A second issue, discussed by KMG in at least two places (pp. 209-
213, pp. 264-266), is the power of the formal apparatus. DS is
the process of mapping from a language string to a series of
partial trees representing propositional formulae, with
lexical items defined by the transitions between these partial
trees. The propositional formulae are defined in advance
(their form, not their content), and therefore a lexical item
can be the informational difference between any two
propositional formulae. Many such items would clearly be
highly implausible, but they are not excluded from the system
in principle. Similarly, the rule of Introduction discussed in
the previous paragraph can be applied to license any
combination of nodes, provided that the logical types of their
annotating formulae can be combined and reduced to the
annotation of the original node. This also allows for a very
wide range of possibilities. KMG restrict themselves to the
use of only some simple logical types, and this in turn
restricts both the nature of lexical items and the use of the
Introduction rule. But it is not clear to me that this
restriction is intrinsic to the framework, or is a decision
taken by KMG. If the second possibility is correct, then the
framework could be used in an extremely unrestricted way. The
discussions which KMG give on this topic centre on the
question of whether the framework should be restricted or
whether pragmatics can do the work. The answer they choose,
that pragmatics can do a lot of work, is a principled one for
the cases they discuss, but the more general question of what
the framework actually rules out is not answered clearly.

Particularly, the discussions of cross-linguistic variation in
chapters 4-6 and pp. 264-66 are strong in showing that the DS
framework can deal with a wide range of data, but are less
strong on demonstrating what possibilities can be ruled out.
But what we might call "deductive typology", the cataloguing
of what a theory does and does not allow, requires both types
of evidence. (This comment applies rather less to chapter 6,
on wh- questions, than it does to the other two data-based
chapters. The analysis of wh- items, particularly the
discussion of partial movement, is the strongest analysis
presented in the book in my opinion.) This criticism is, at
this point, directed to presentation rather than substance.
For example. the analysis of relative clause structures which
is presented by KMG does rule out some possibilities, as seen
in the discussion of strong-crossover (pp. 196-99). It is easy
to sympathise with the authors and the choices that they must
have had to make as to whether to extend the empirical
coverage of their presentation, or to include more theoretical
discussion. But I would suggest that detailed discussions of
how restrictive or unrestrictive the DS approach really is
should have a high priority in future work. Other rigorous
syntactic theories have not always distinguished themselves in
this regard either, but this only means that the field is open
for a serious competitor to prove itself.

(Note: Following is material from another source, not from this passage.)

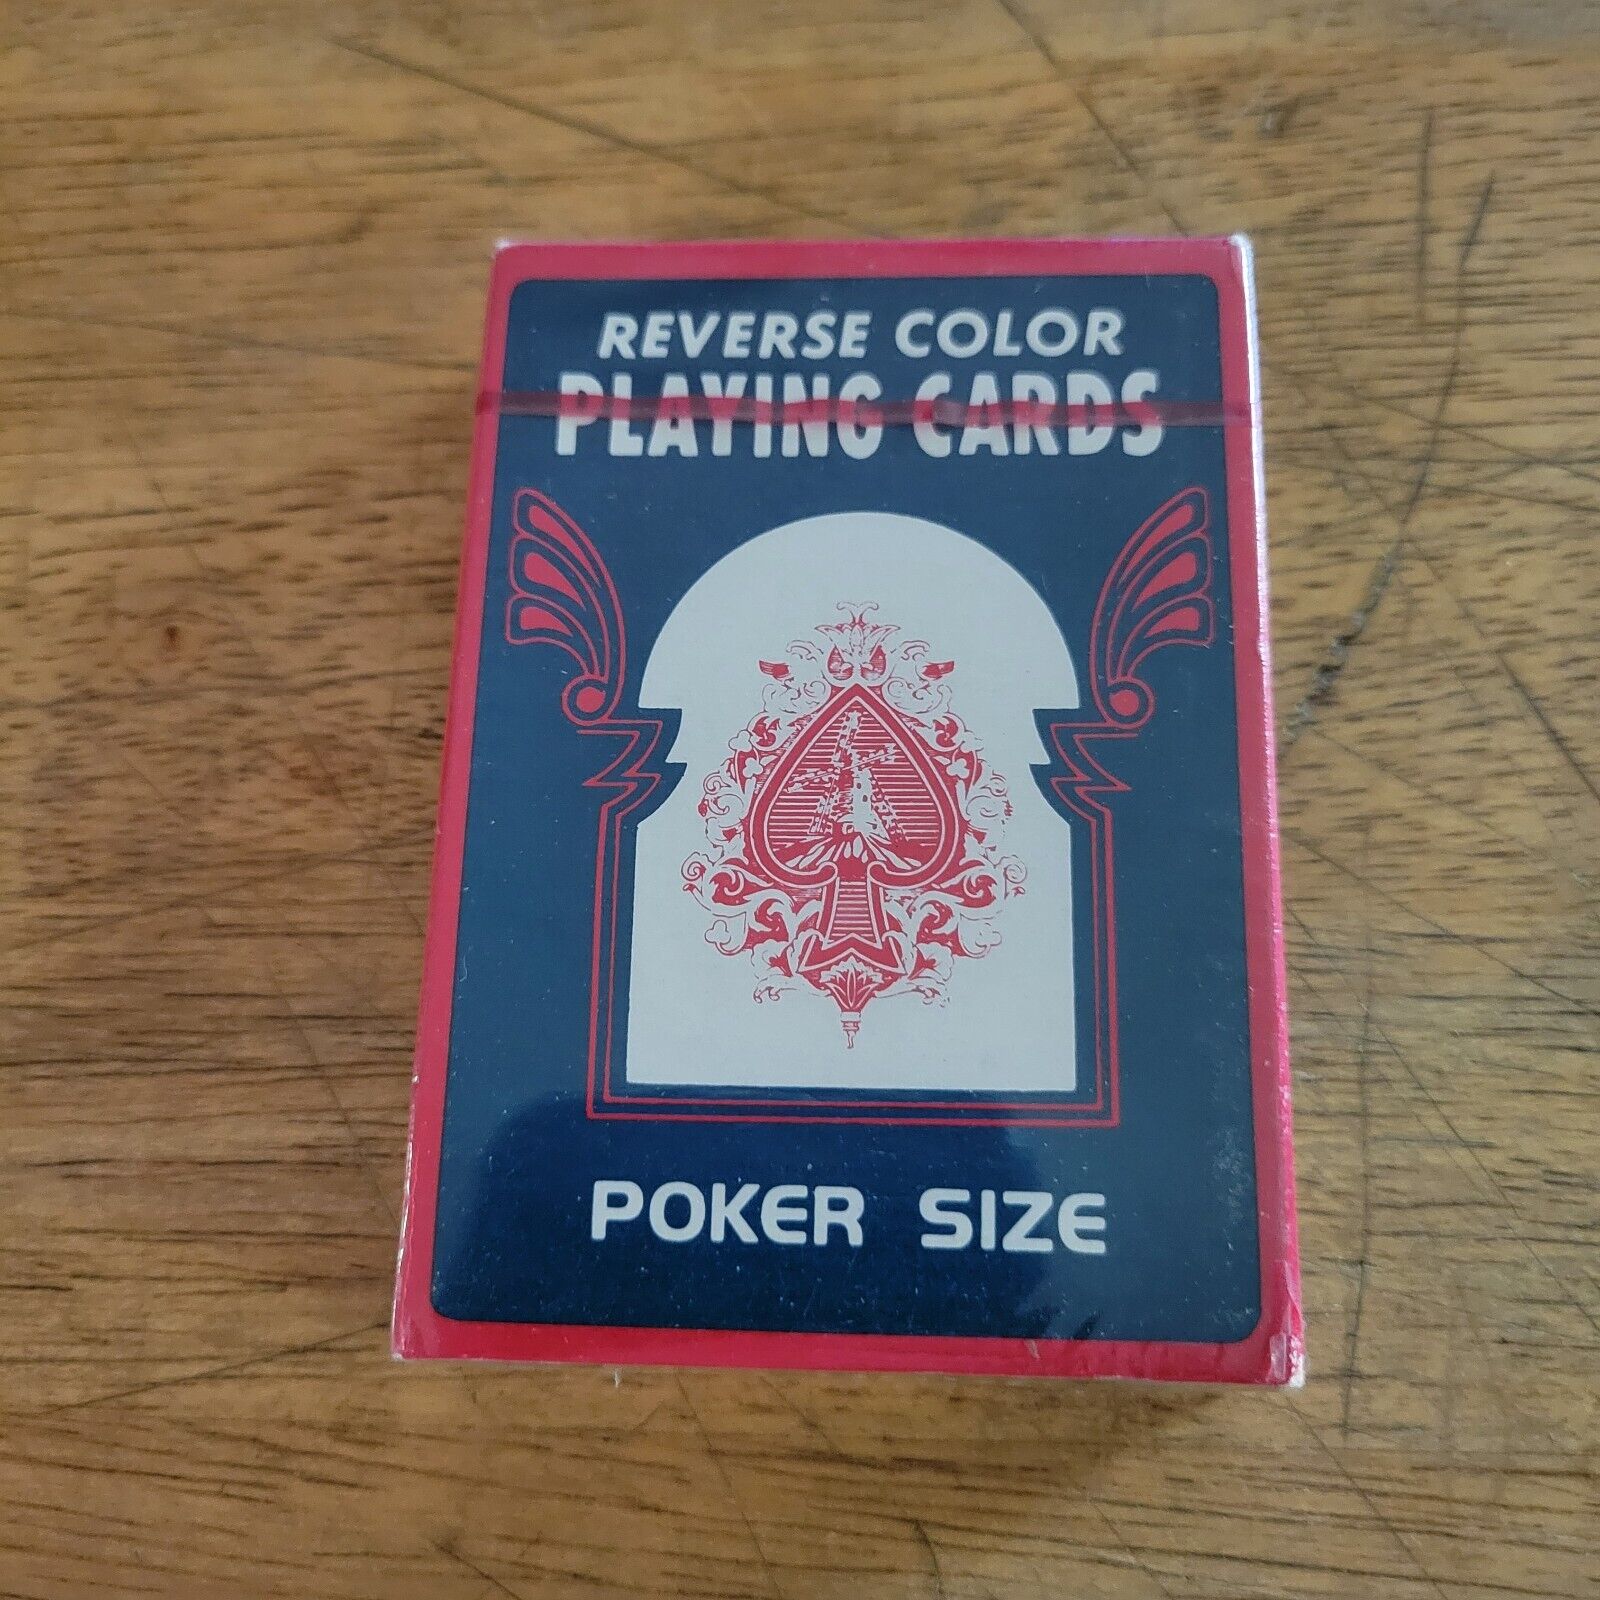 VINTAGE REVERSE COLOR NO. 9696 PLAYING CARDS POKER SIZE DECK SEALED HONG KONG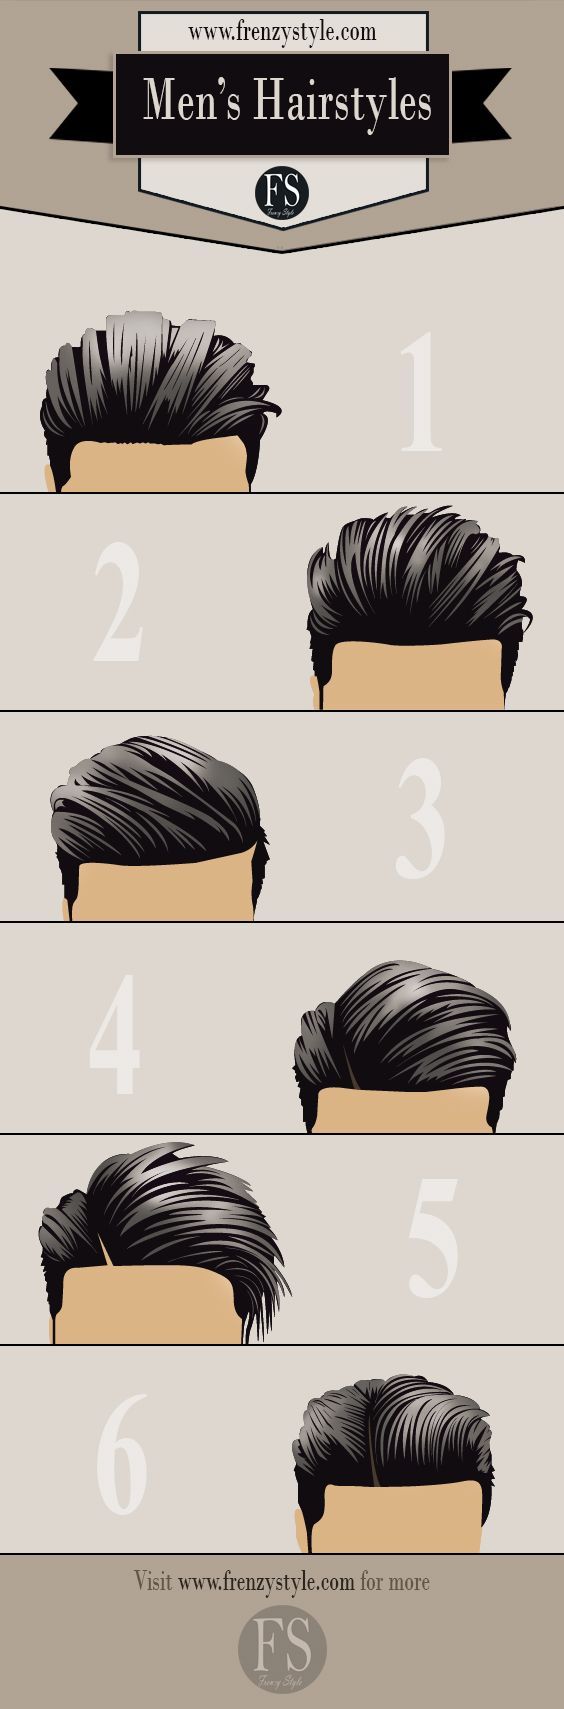 23 Popular Mens Hairstyles and Haircuts from Pinterst

Finally, I would have been delighted to see more discussion of
the problem of production in the book. Again, an introductory
volume cannot cover all aspects of a new approach, but it is
disappointing to see the issue mentioned and dealt with in
only a few sentences. In an approach which is explicitly based
in the processing of language, I would have preferred for the
question not to have been raised at all, rather than to have
been treated in this way: "Production has to be characterised
as in some way parasitic on the process of parsing." (p. 267).
My first impression is that there is no obvious way in which
this program could be carried out using the DS framework. The
parsing process is monotonic, but the actions triggered by
lexical items depend on conditional implication. Therefore
reversing the process is not possible. It may be the case that
when the role of word order generalisations is made clearer, a
production mechanism will be more straightforward. Again, this
is not an area in which other theories necessarily have good
track records, but in addition to the opportunity for staking
a position that this affords, a theory which takes processing
as central should have something concrete to say about
production as another aspect of language processing.

REFERENCES
Flickinger, Daniel (1987) Lexical Rules in the Hierarchical
  Lexicon. PhD Dissertation, Stanford University
Hilbert, D. & P. Bernays (1939) Grundlagen der Mathematik
  II. Berlin: Julius Springer
Horvath, J. (1997) The status of 'wh-expletives' and the
  partial wh-movement construction. Natural Language and
  Linguistic Theory 15: 509-572
Johnson, D. and S. Lappin (1999) Local Constraints on
  Economy. Stanford CA: CSLI Publications
Montague, R. (1974) The proper treatment of quantification
  in ordinary English. In Formal Philosophy: Selected Papers
  of Richard Montague, ed. by R. Thomason, pp. 247-270. New
  Haven: Yale University Press
Nordlinger, Rachel (1998) Constructive Case. Stanford CA:
  CSLI Publications
Sperber, Dan & Deirdre Wilson (1995) Relevance: Cognition
  and Communication. Oxford: Blackwell (2nd ed)

ABOUT THE REVIEWER
Simon Musgrave is a post-doctoral researcher at the
University of Leiden. His doctoral thesis is a study of
non-subject arguments in Indonesian, using LFG as the
theoretical framework. He is currently working on a cross-
linguistic database for the Spinoza Project, Lexicon &
Syntax, and is part of the East Indonesia research group
within the project.

ACKNOWLEDGMENT
I am grateful to Crit Cremers for helpful comments on a draft
of this review.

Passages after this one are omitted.